REQUIREMENT
Give back exactly the lines of the material below, starting with the line with "Caucasian man taking" and going on through the line with "Sarovar Hotels &".

DATA UNDER STUDY
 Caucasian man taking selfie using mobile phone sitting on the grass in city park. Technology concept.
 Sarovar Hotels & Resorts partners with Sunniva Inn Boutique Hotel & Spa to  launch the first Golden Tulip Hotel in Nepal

* * *

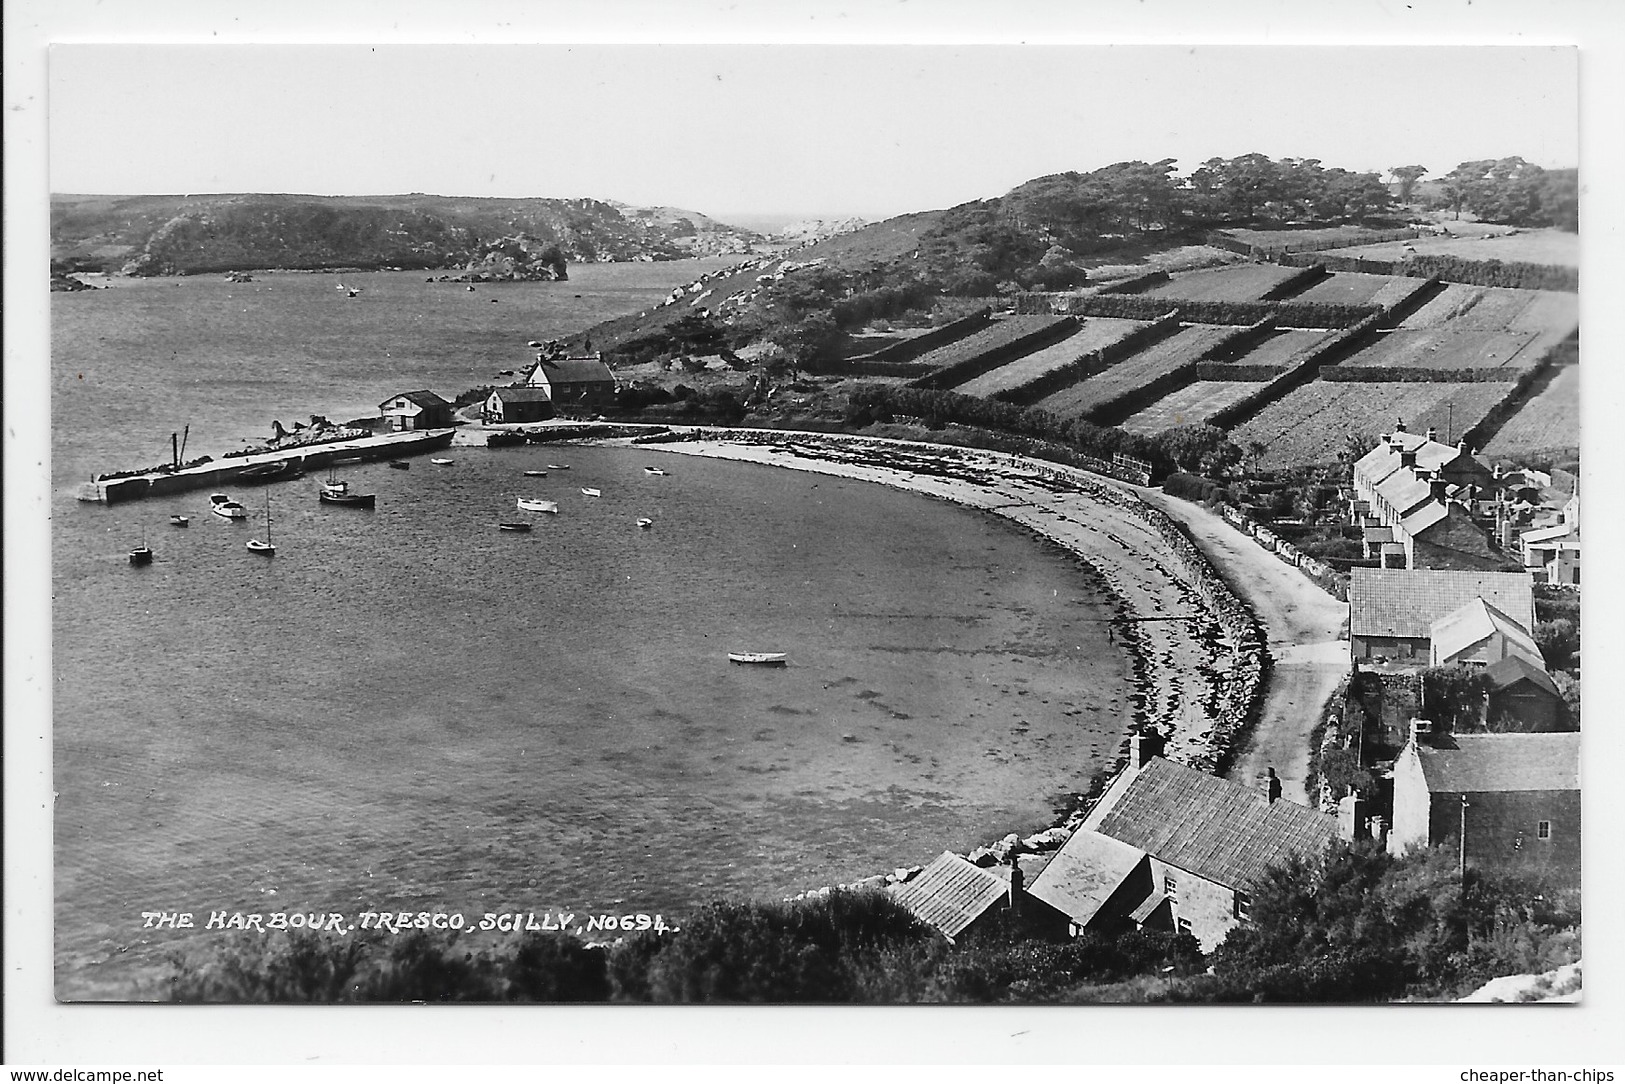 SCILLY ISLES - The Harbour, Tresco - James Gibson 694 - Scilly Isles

...

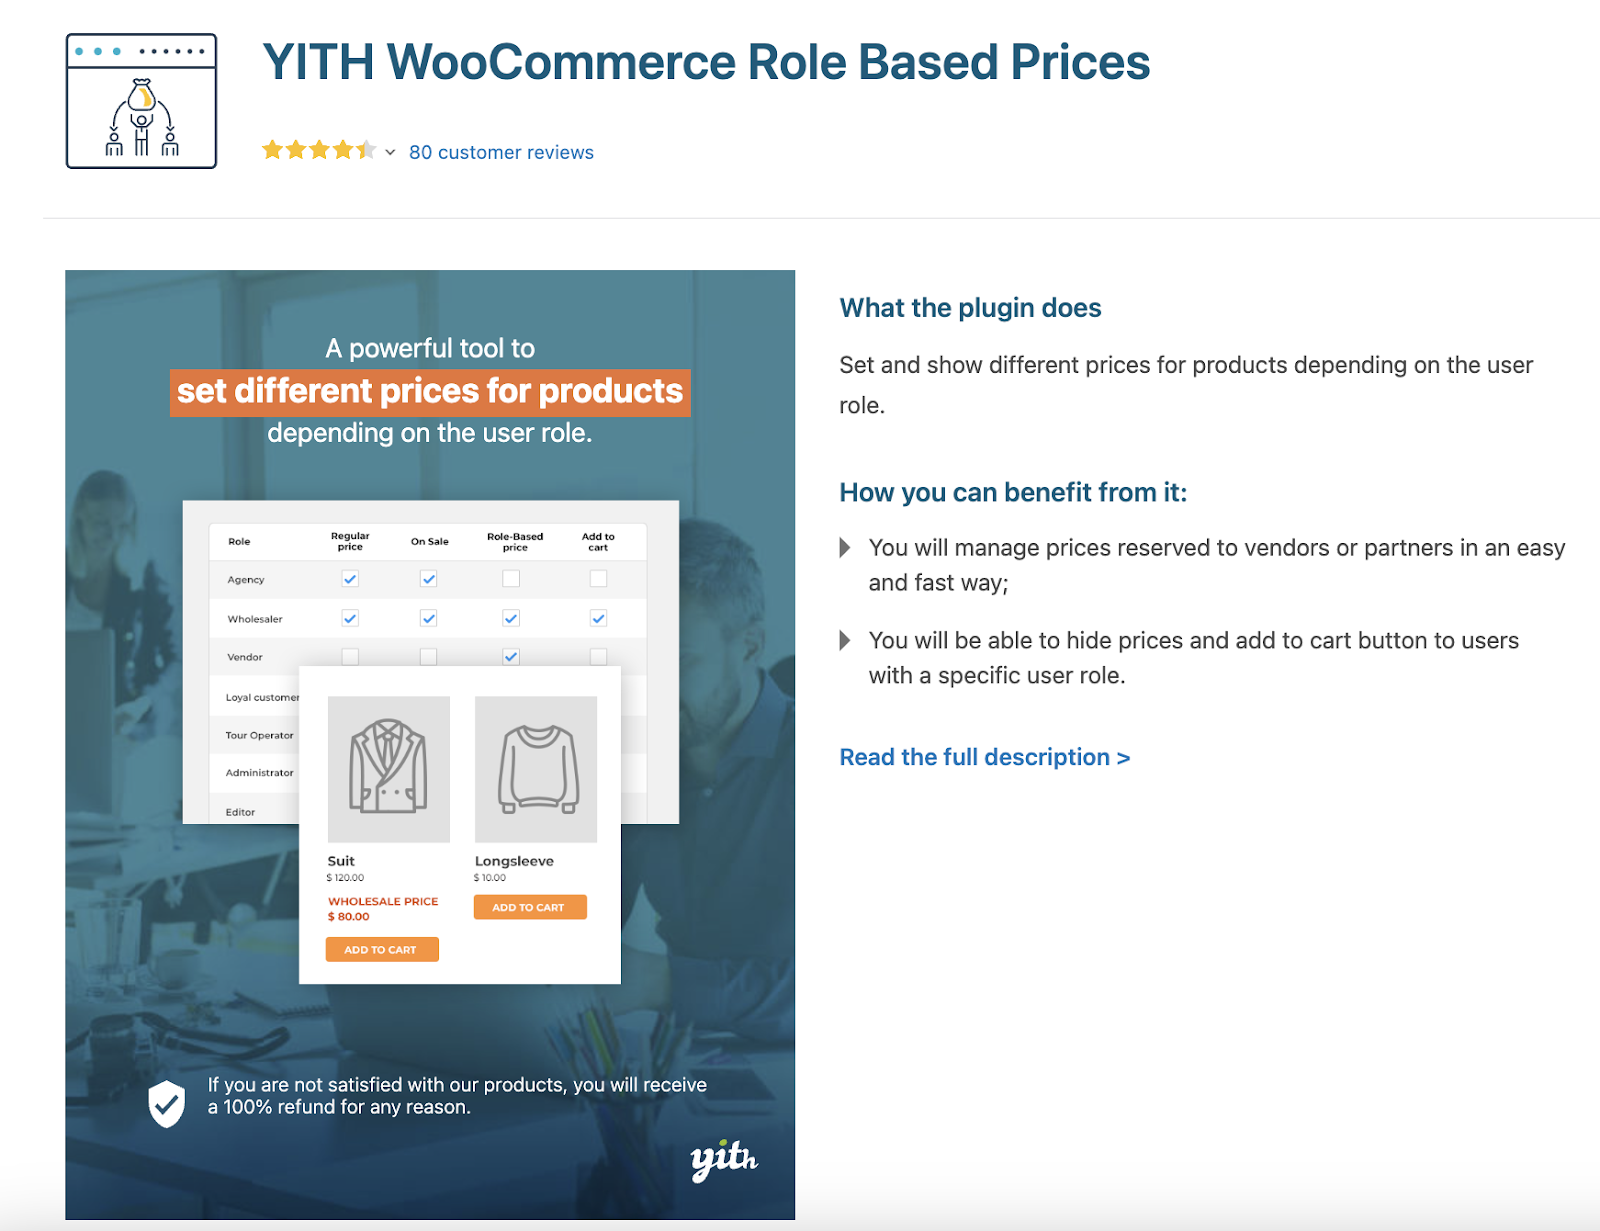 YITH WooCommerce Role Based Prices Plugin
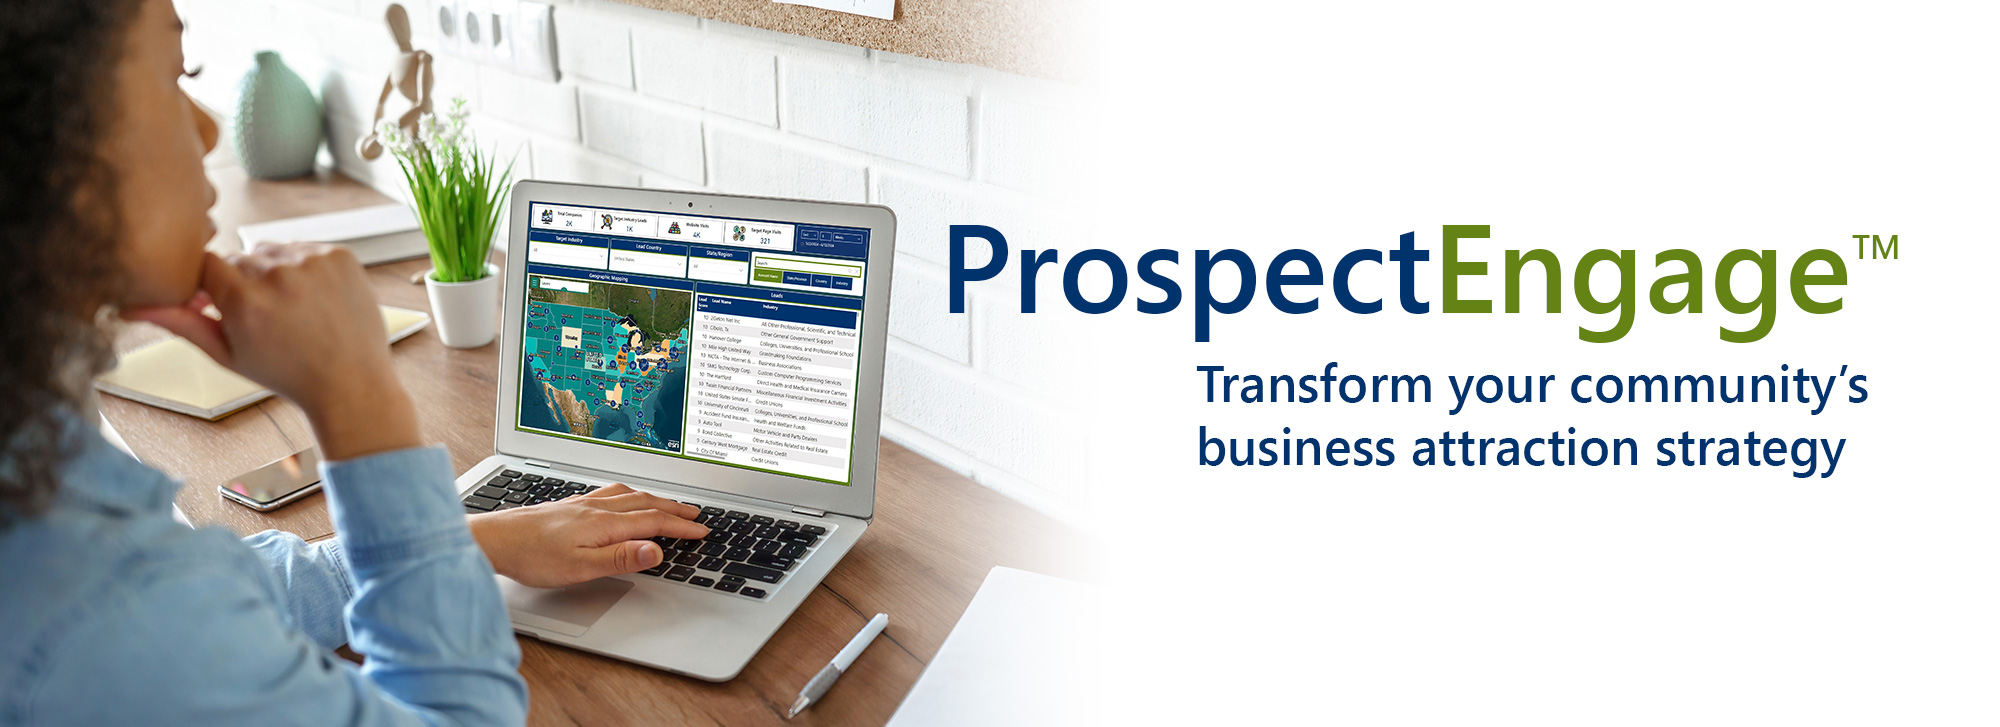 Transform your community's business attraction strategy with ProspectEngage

YOUR SOLUTION
 Caucasian man taking selfie using mobile phone sitting on the grass in city park. Technology concept.
 Sarovar Hotels & Resorts partners with Sunniva Inn Boutique Hotel & Spa to  launch the first Golden Tulip Hotel in Nepal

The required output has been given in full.